Hi I'm doing some web scraping with NBA Data in python on this page. Some elements of basketball-reference are easy to scrape, but this one is giving me some trouble with my lack of python knowledge.
I'm able to grab the data and column headers I want, but I end up with 2 lists of data that I need to combine by their index (i think?) so that index 0 of player_injury_info lines up with index 0 of player_names etc, which I dont know how to do.
Below I've pasted some code that you can follow along.

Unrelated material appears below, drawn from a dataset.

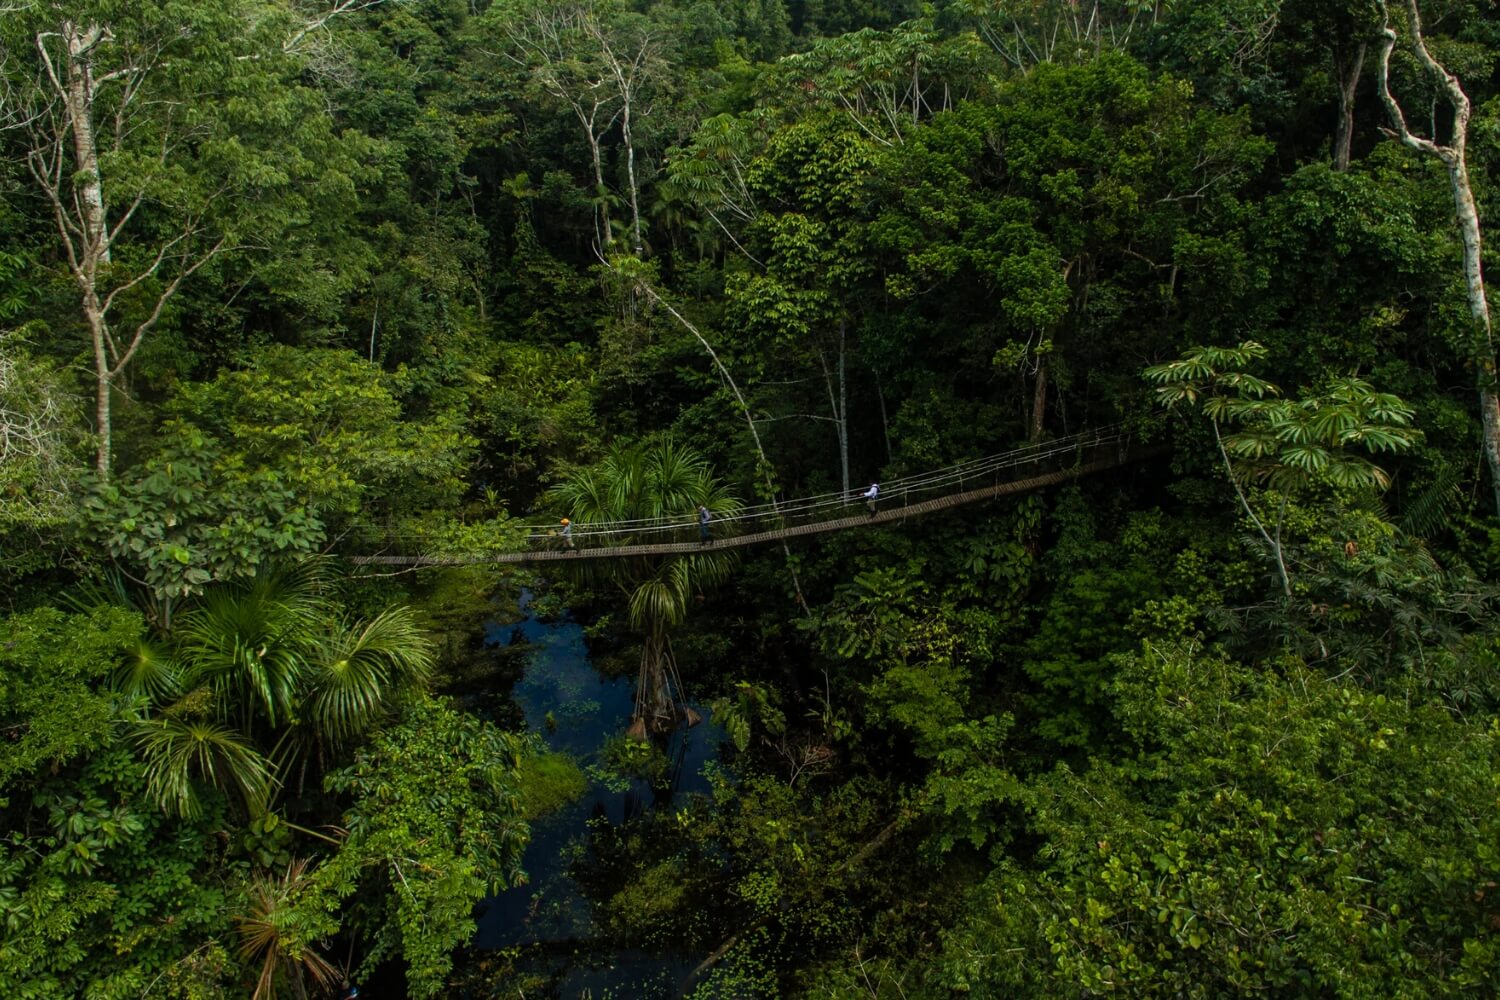 THE AMAZON RAINFOREST COVERS AN ENORMOUS 6.7 MILLION SQUARE KILOMETRES

from urllib.request import urlopen
from bs4 import BeautifulSoup
import pandas as pd
from datetime import datetime, timezone, timedelta
url = "https://www.basketball-reference.com/friv/injuries.fcgi"
html = urlopen(url)
soup = BeautifulSoup(html)
# this correctly gives me the 4 column headers i want (Player, Team, Update, Description)
headers = [th.getText() for th in soup.findAll('tr', limit=2)[0].findAll('th')]
# 2 lists - player_injury_info and player_names. they need to be combined.
rows = soup.findAll('tr')
player_injury_info = [[td.getText() for td in rows[i].findAll('td')]
for i in range(len(rows))]
player_injury_info = player_injury_info[1:] # removing first element bc dont need it
player_names = [[th.getText() for th in rows[i].findAll('th')]
for i in range(len(rows))]
player_names = player_names[1:] # removing first element bc dont need it
### joining the lists in the correct order- the part i dont know how to do
player_list = player_names.append(player_injury_info)
### this should give me the data frame i want if i can get player_injury_info into the right format.
injury_data = pd.DataFrame(player_injury_info, columns = headers)
There might be an easier way to web scrape the data into all 1 list / data frame? Or maybe it's fine to just join the 2 lists together like I'm trying to do. But if anybody was able to follow along and can offer a solution I'd appreciate the help!
Let pandas do the parse of the table for you.
import pandas as pd
url = "https://www.basketball-reference.com/friv/injuries.fcgi"
injury_data = pd.read_html(url)[0]
Output:
print(injury_data)
Player ... Description
0 Onyeka Okongwu ... Out (Shoulder) - The Hawks announced that Okon...
1 Jaylen Brown ... Out (Wrist) - The Celtics announced that Brown...
2 Coby White ... Out (Shoulder) - The Bulls announced that Whit...
3 Taurean Prince ... Out (Ankle) - The Cavaliers announced F Taurea...
4 Jamal Murray ... Out (Knee) - Murray is recovering from a torn ...
5 Klay Thompson ... Out (Right Achilles) - Thompson is on track to...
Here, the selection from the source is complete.